The following is a guest post from Paul Boden, executive director at Western Regional Advocacy Project in San Francisco:

People are nervous these days. Unemployment is at the highest level since the depression, foreclosure rates continue to rise despite massive bailouts to banks and lenders, and almost everyday another factory is closing or laying off workers.

The current proliferation of “nuisance crime laws” in public spaces is a manifestation of people’s fears about the increasing visibility of poverty. Unfortunately, adding to the litany of laws that criminalize poverty and homelessness isn’t going to change a thing.

Every night on the news are stories of people and families who never thought they would eat at a soup kitchen, get food from a pantry, or sleep in a shelter alongside the “regular homeless.” And yet, amazingly enough, across the country new laws are being proposed to protect the rest of “us” who still have a job, a business or a home from having to see this misery.

No matter the focus of the nuisance crime law, the premise is the same:  people don’t feel safe, and they don’t feel comfortable with visibly poor people on our streets.

The message is this:  If your city is seen as tolerant of poor people being visible, tourists will stay away, families won’t come downtown to shop, small businesses will go under, tax revenue will go down, budget deficits will increase, and more services will be cut.  This will mean more people will become poor, destroying our quality of life and causing people to feel less safe and more uncomfortable.

This argument has worked surprisingly well with the mainstream media and local legislative bodies.

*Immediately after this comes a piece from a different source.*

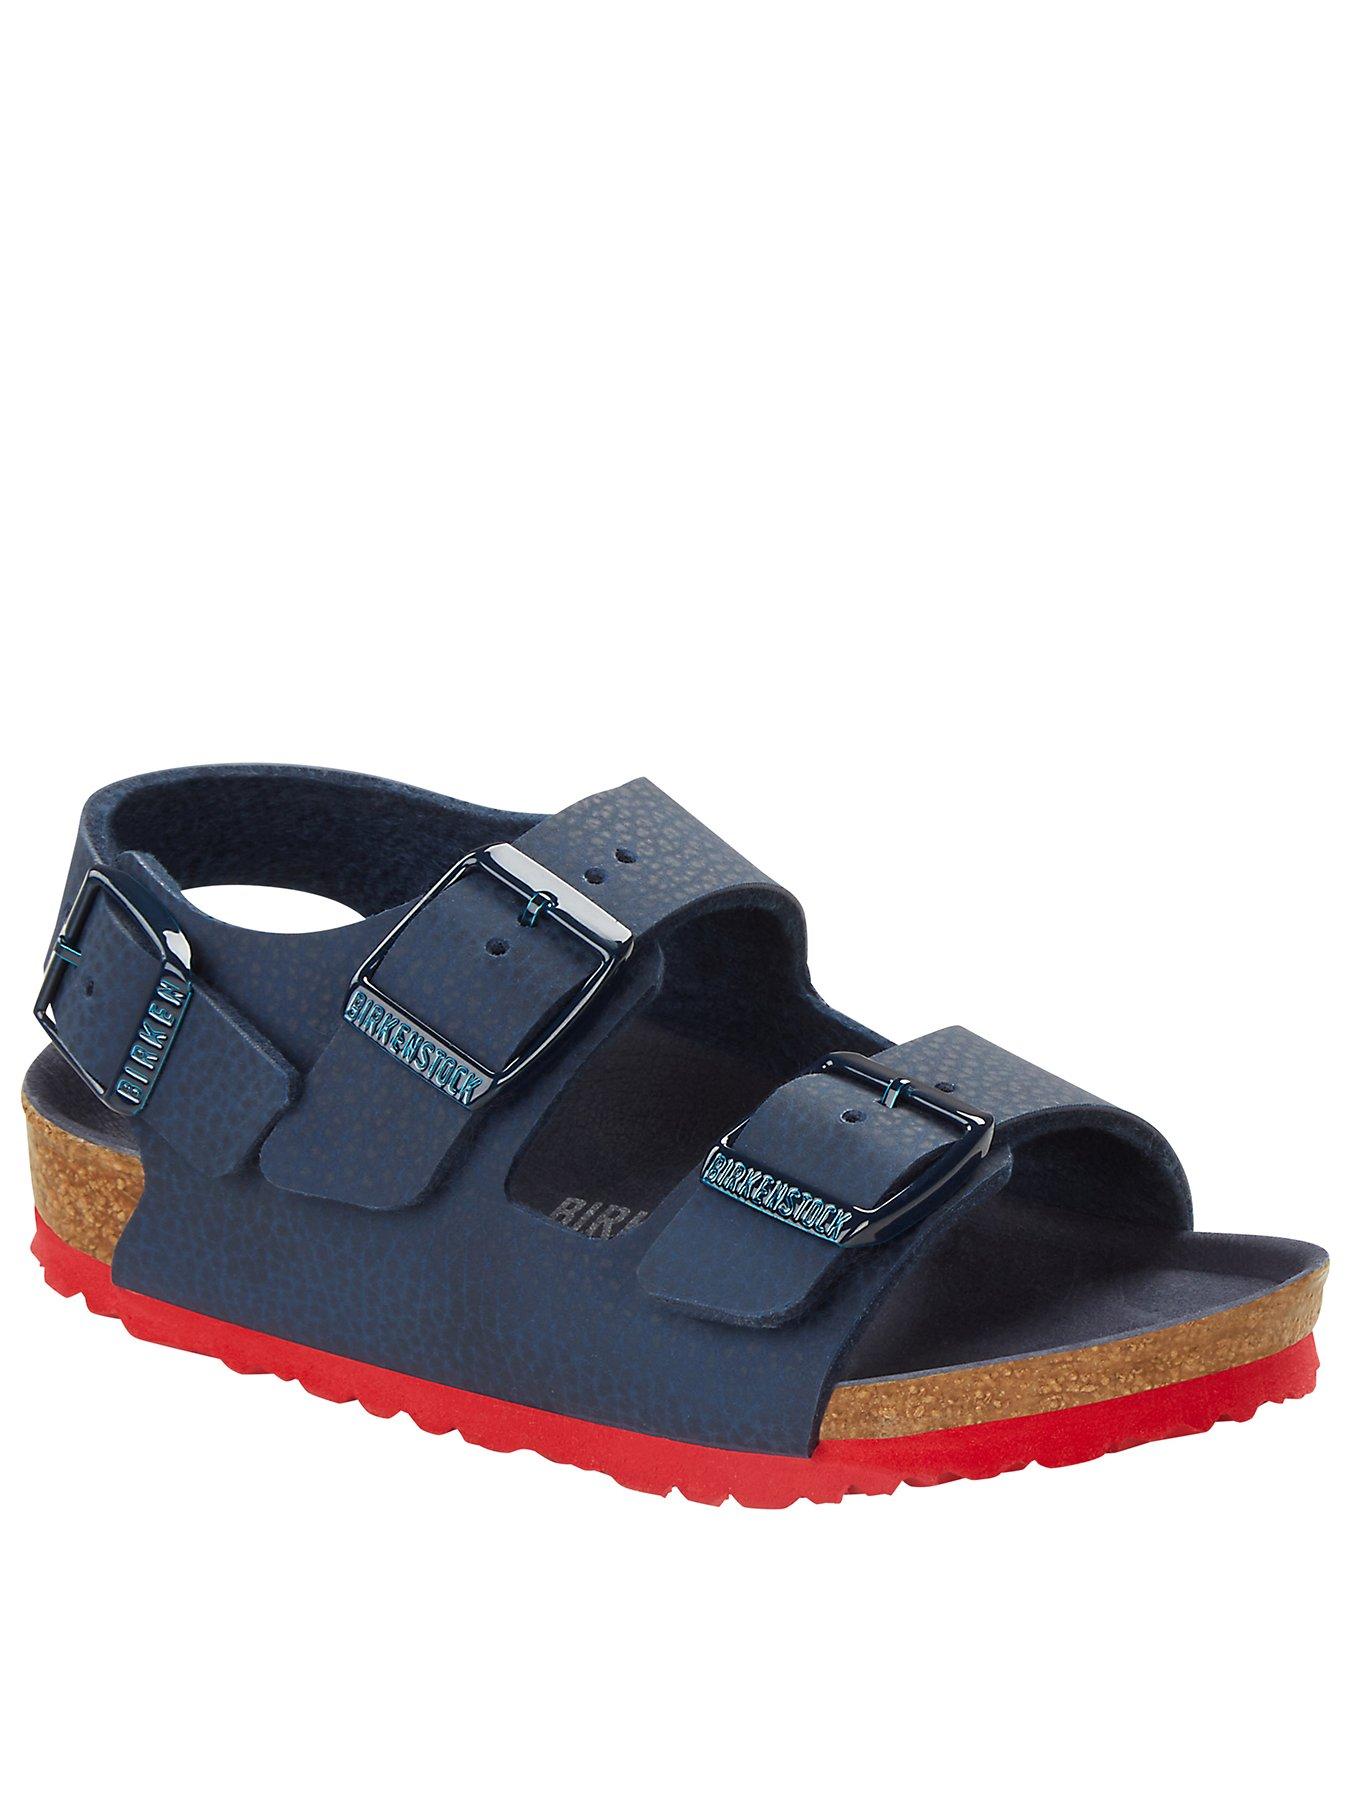 DREAM PAIRS Little Kid 160912-K Baby Blue Pink Outdoor Summer Sandals Size 1 US Little Kid/ 13 UK Child 
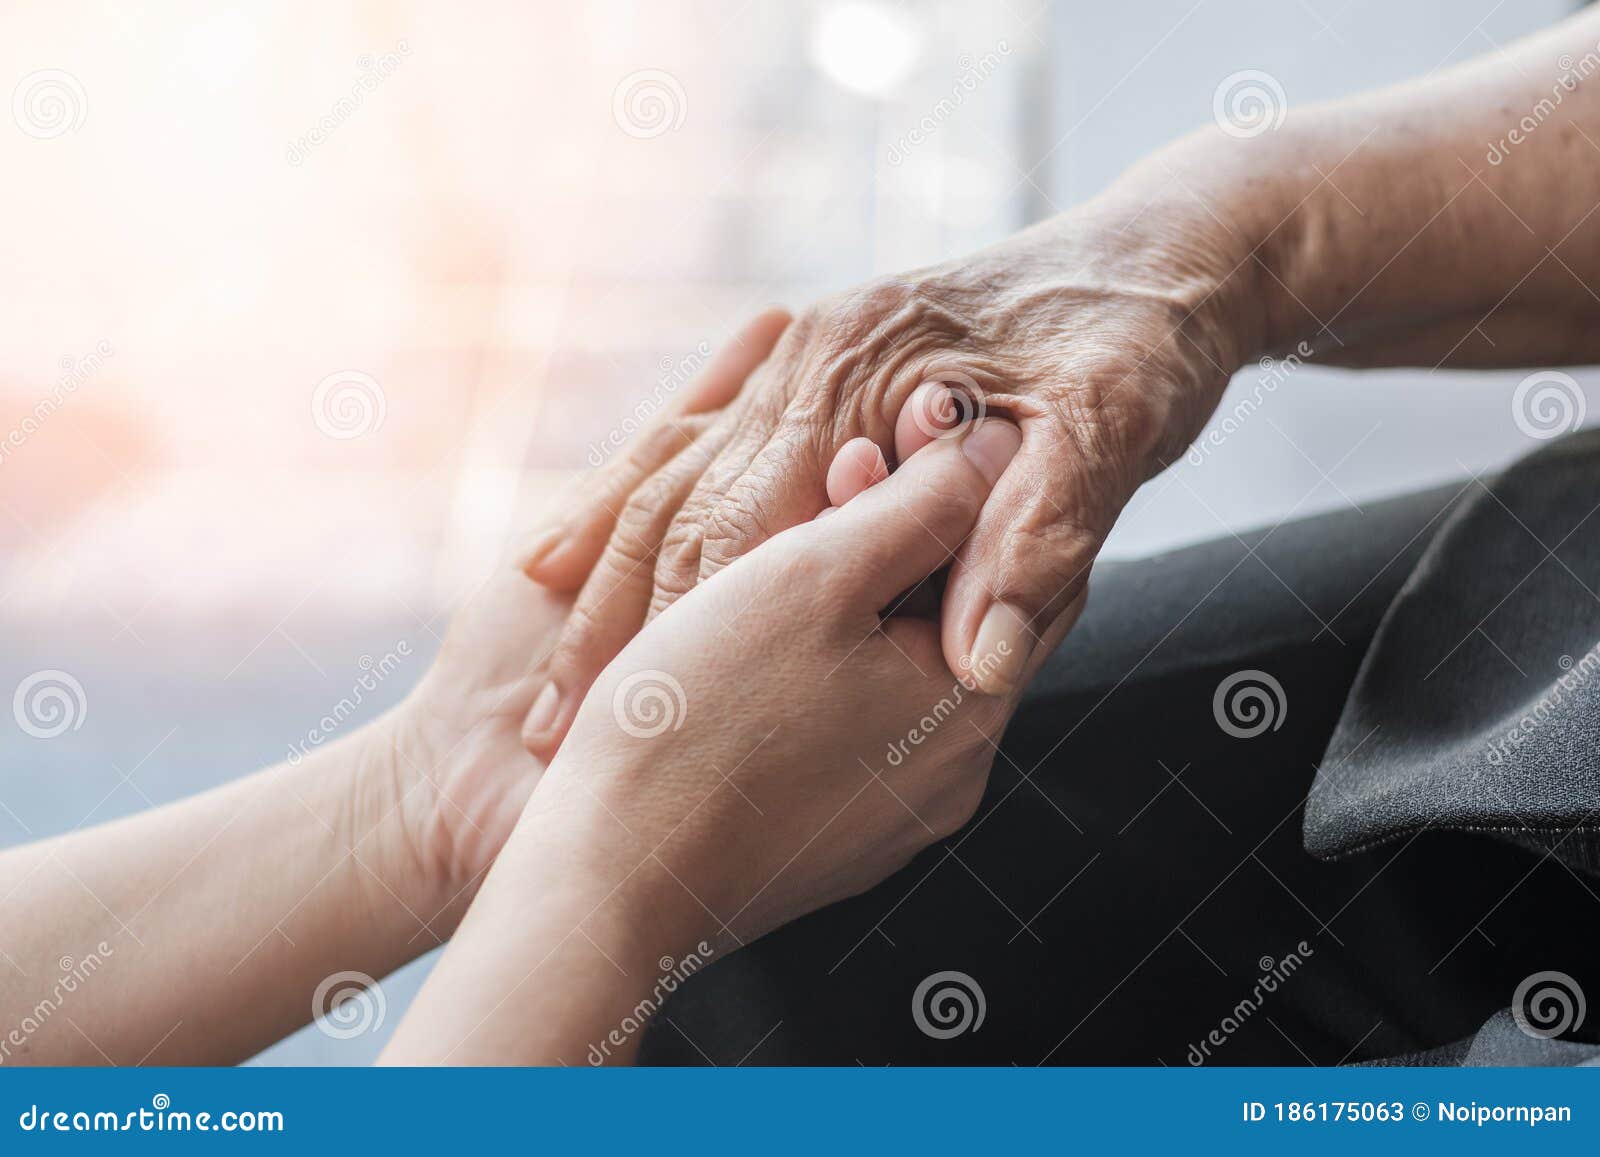 parkinson disease patient, alzheimer elderly senior, arthritis person hand in support of nursing family caregiver care

It suggests a clear cause – “these people”- and provides a specific answer – get rid of them.

We know there are constructive solutions that will end homelessness, but criminal enforcement advocates keep saying that one more law or police sweep will make everything better. These kinds of solutions only create more work for cities in the long-run. It’s like painting over the stain caused by a leaky drain pipe. The paint looks okay for the moment, but it doesn’t fix the leak. You’re left with five minutes of satisfaction for a job well done, but soon get wet all over again and find your house waterlogged.

Local governments can continue to pass all the anti-sitting, anti-feeding, anti-camping and anti-panhandling laws they want. But the drain pipe is still leaking and the water level continues to rise. We all know we’re going to have to address it at some point and we’re running out of paint.